Some binomial fractional equations

I have been presented with the following equation:

$\displaystyle \frac{x}{x + 3} + \frac{1}{x - 3} = 1$

According to the text, the solution is **6**. I have been unable to reach this answer.

Here is the method I've used:

The LCD of $\displaystyle \frac{x}{x + 3} + \frac{1}{x - 3} = 1$ is $\displaystyle (x + 3)(x - 3)$.

I multiply each side of the equation by the LCD and get the following:

$\displaystyle x(x - 3) + x + 3 = (x - 3)(x + 3)$

which is then simplified into

$\displaystyle x^2 - 3x + x + 3 = (x - 3)(x + 3)$

$\displaystyle x^2 -2x + 3 = (x - 3)(x + 3)$

From there I try to factor the left side of the equation, but it turns out being prime after using the FOIL method.

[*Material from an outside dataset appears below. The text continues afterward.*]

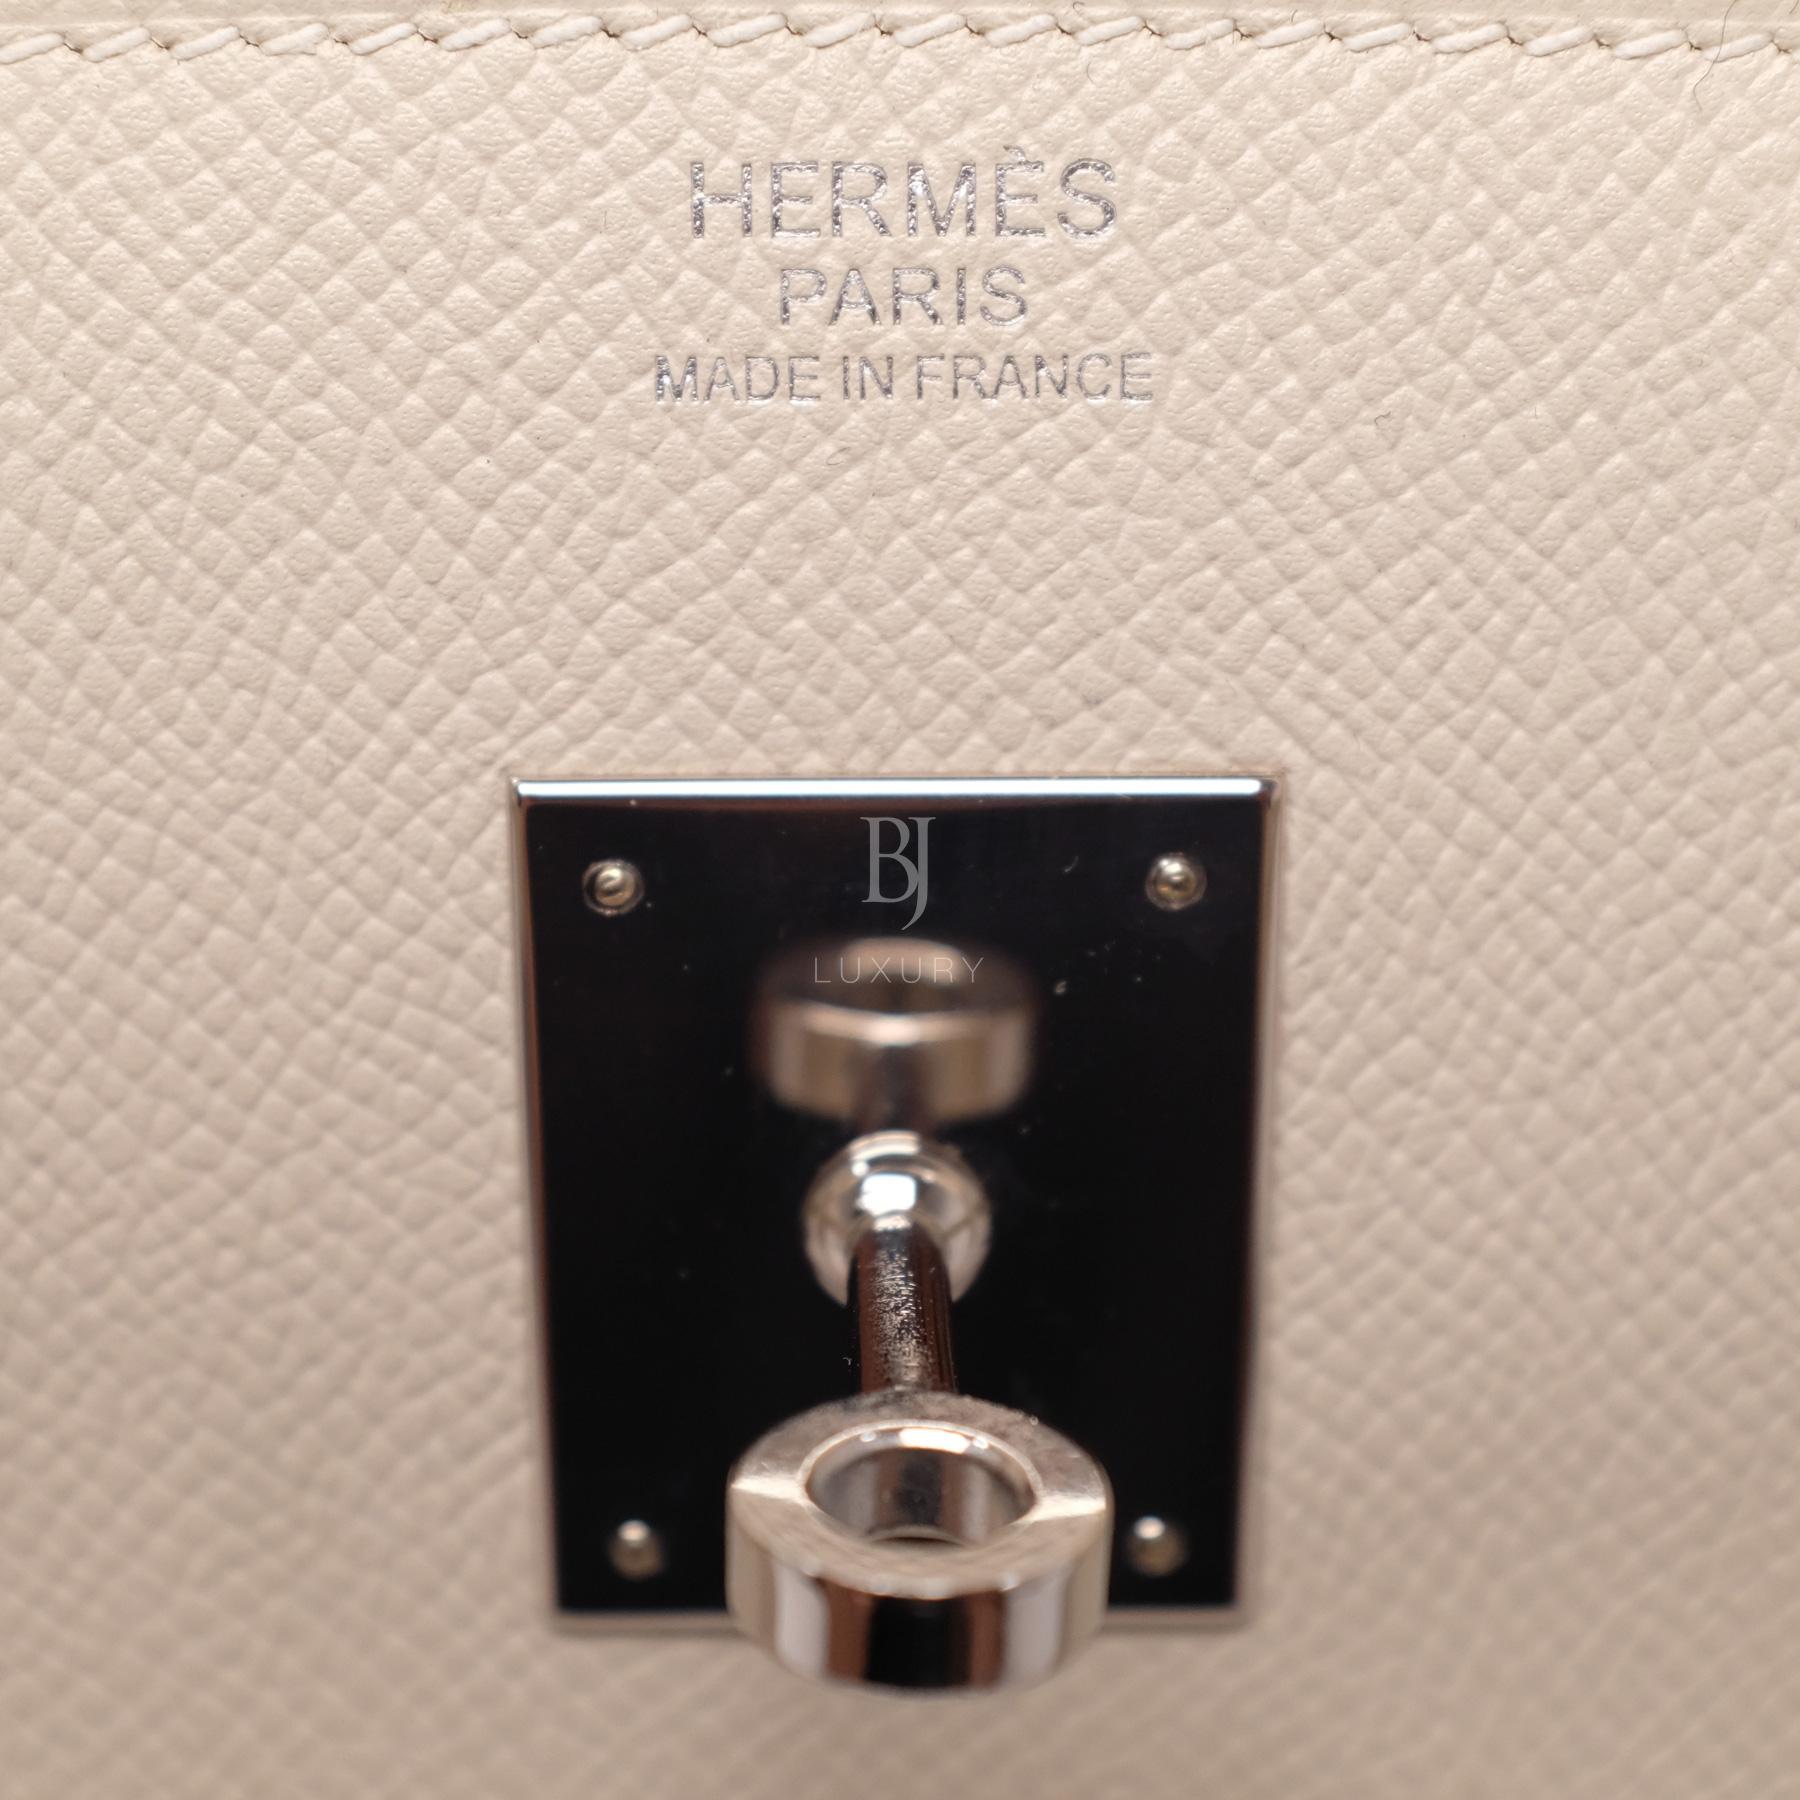 Hermes Birkin 30 Epsom Craie Palladium BJ Luxury 3.jpg
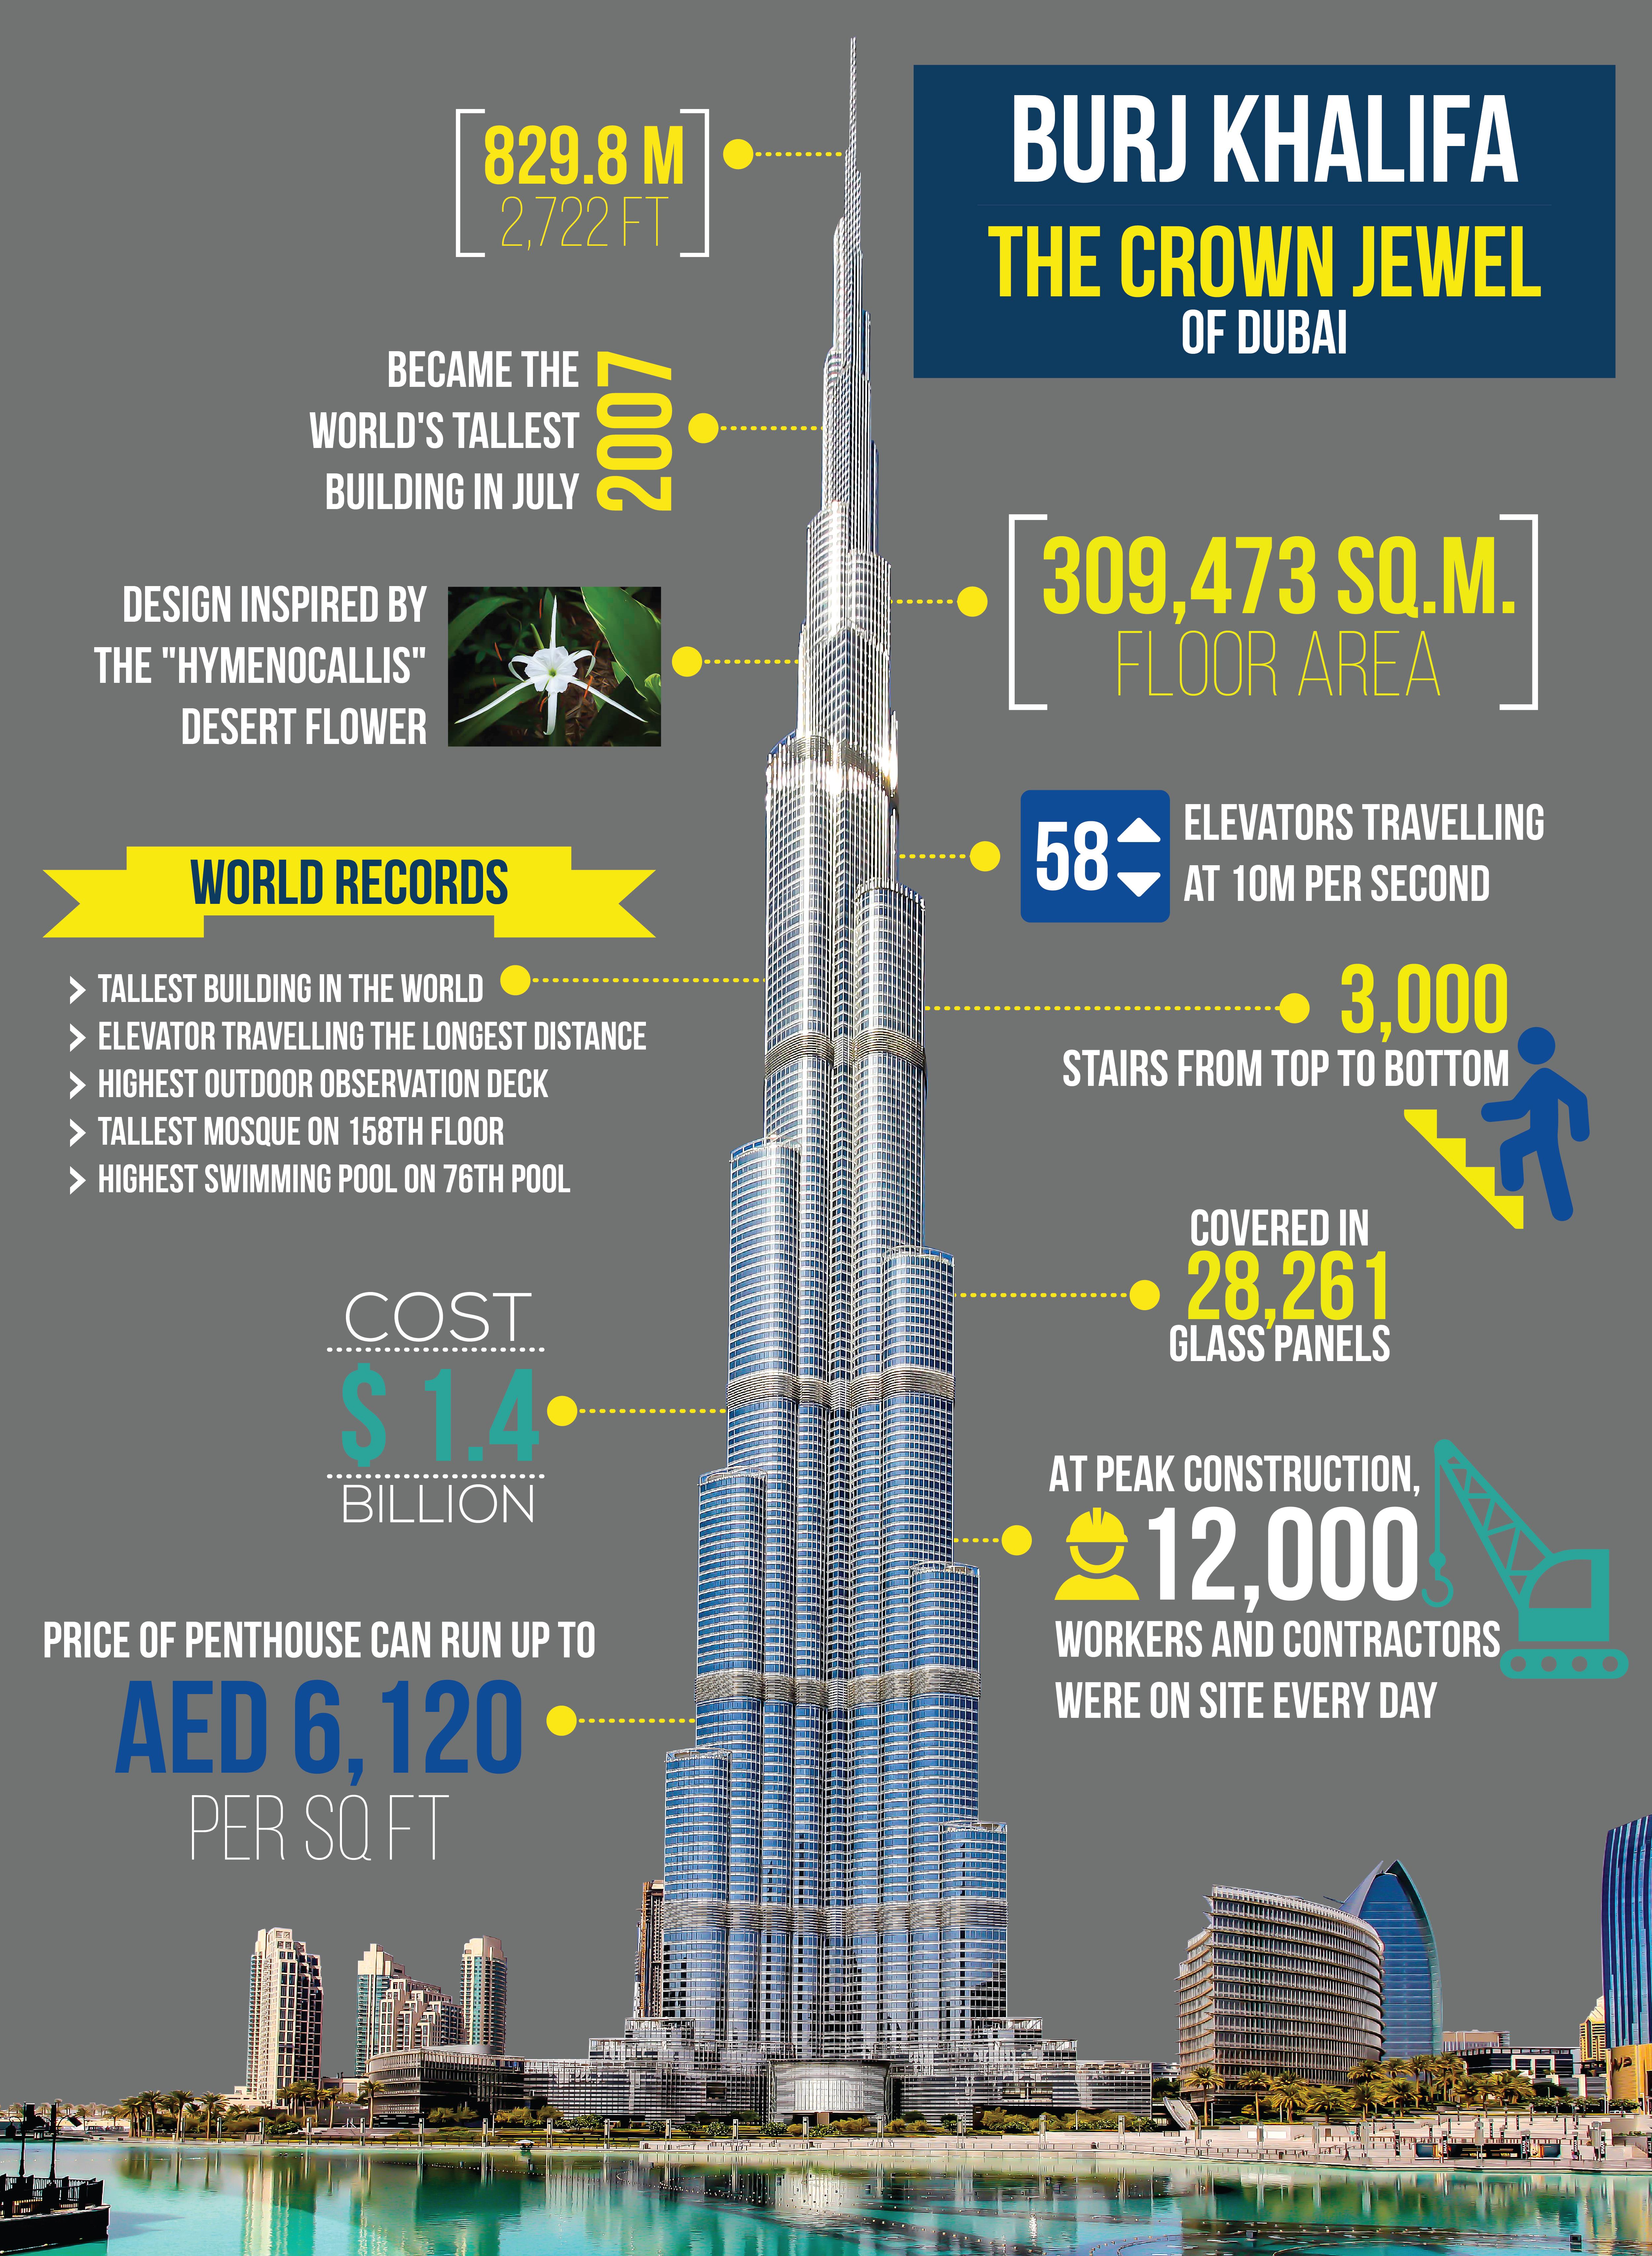 Facts and World Records of Burj Khalifa, Dubai

$\displaystyle (x+1)(x-3) \neq x^2 -2x + 3$

Yet somehow my textbook lists the solution as **6**. What am I doing wrong?

I encounter the same situation in another similar equation who's solution set is supposed to be 2, 3 :

$\displaystyle \frac{6}{t} - \frac{2}{t-1} = 1$

Again, I determine the LCD is $\displaystyle t(t-1)$ and multiply each side by this.

$\displaystyle 6(t-1) - 2t = t(t-1)$

simplified to

$\displaystyle 6t-6 - 2t = t^2-t$

$\displaystyle 0 = t^2-5t+6$

I once again try to factor, but just as before

$\displaystyle (t+1)(t -6) \neq t^2-5t+6$

The solution set is supposedly **2, 3**. Grrrr...